Depending on the range of transcript sequences captured by scRNA‐seq, different methods need to be selected for gene or transcript expression quantification. To quantify gene or transcript expression, the data generated by scRNA‐seq methods for full‐length transcripts (e.g. Smart‐seq2 and MATQ‐seq) can be analysed with bulk RNA sequencing software. An assembly without the reference genome is called de novo assembly (without a reference genome) and an assembly based on a reference genome or genome‐guided assembly is called genome‐guided assembly. Genome‐guided transcriptome assembly is usually more accurate than de novo transcriptome assembly, which is typically applied to organisms lacking a reference genome [34]. A wide range of single‐cell RNA sequence studies use Cufflinks [35], RSEM [36], and Stringtie [37] to obtain relative gene or transcript expression estimates for reads or fragments per kilobase per million mapped reads (RPKM or FPKM) or transcripts per million mapped reads (TPM). The StringTie method outperformed other genomic guidance methods in gene/transcript reconstruction and expression quantification, according to Pertea et al [37]. For 3′ end‐based, UMI‐based scRNA sequencing, such as CEL‐seq2, Drop‐seq, and InDrop‐seq, specific algorithms must be used in order to calculate gene expression. SAVER (Single Cell Analysis by Expression Recovery) is a recently proposed and effective UMI‐based tool for the accurate estimation of gene expression in single cells [38]. Theoretically, UMI‐based scRNA‐seq can greatly reduce technical noise [39], mainly to eliminate amplification bias generated by PCR, thus improving the accuracy of transcription counting. Table 2 shows the tools commonly used for reads mapping and expression quantification of scRNA‐seq data.

TABLE 2.

Tools for reads mapping and expression quantification of scRNA‐seq data.

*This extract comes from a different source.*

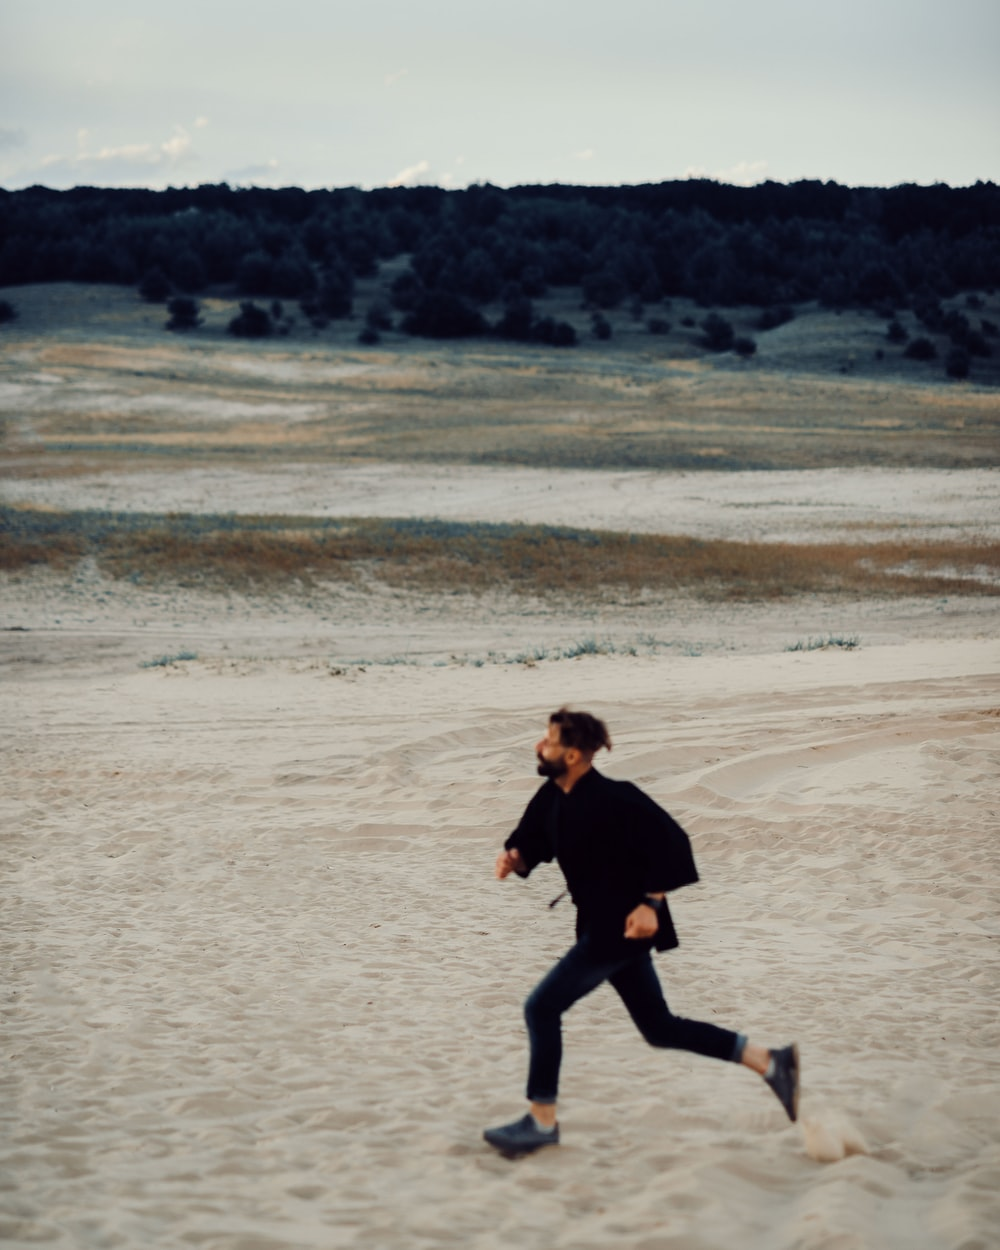 man in black shirt running on beach during daytime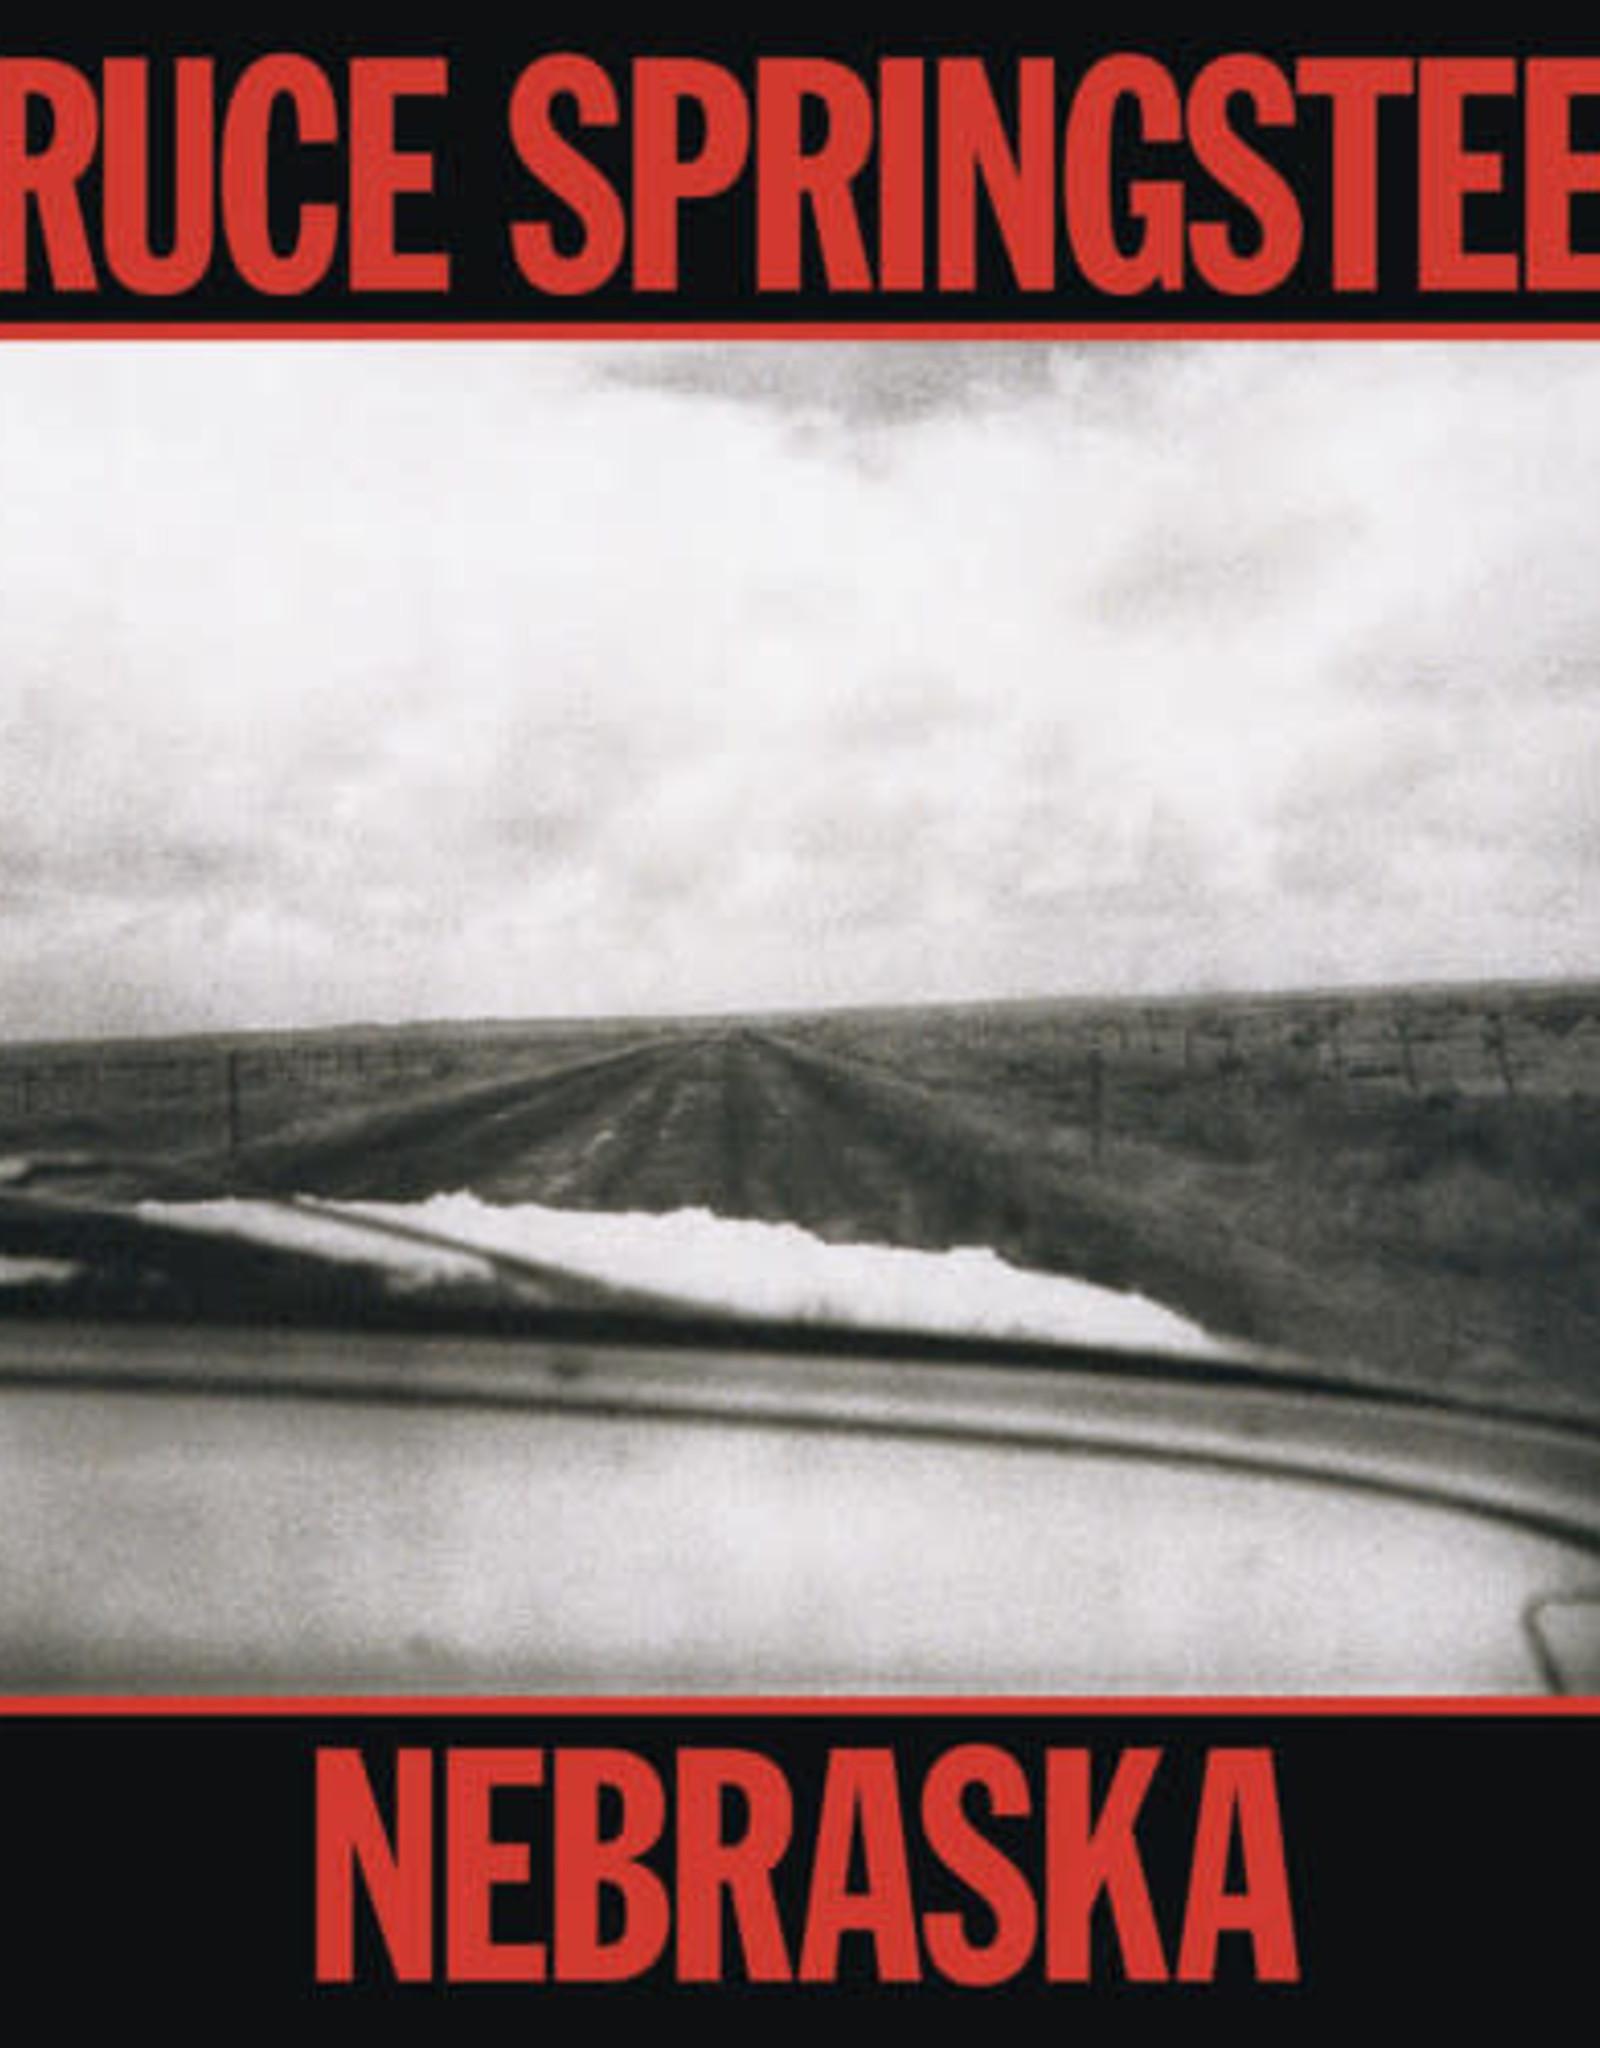 Bruce Springsteen - Nebraska (180 Gram)

Tools Function Language URL
CellRanger Analyse pipelines Python https://support.10xgenomics.com/single‐cell‐gene‐expression/software/pipelines/latest/what‐is‐cell‐ranger
DropEst Analyse pipelines C++ https://github.com/hms‐dbmi/dropEst
Kallisto–BUStools Reads mapping Python,R https://www.kallistobus.tools/getting_started
Alevin Reads mapping Rust https://salmon.readthedocs.io/en/latest/alevin.html
Cufflinks Expression quantification Python https://github.com/cole‐trapnell‐lab/cufflinks
RSEM Expression quantification C++ https://github.com/deweylab/RSEM
Stringtie Expression quantification C++ https://github.com/gpertea/stringtie
SAVER Expression quantification R https://github.com/mohuangx/SAVER

3.2. Quality control

scRNA‐seq may be affected by broken, dead, multiple cells mixed or contaminated by environmental RNA and generate part of the low‐quality data. Using low‐quality data may hinder downstream analysis and result in incorrect interpretations. Consequently, the second round of quality control should be performed using tools such as Seurat [11], scanpy [40] and Scater [41].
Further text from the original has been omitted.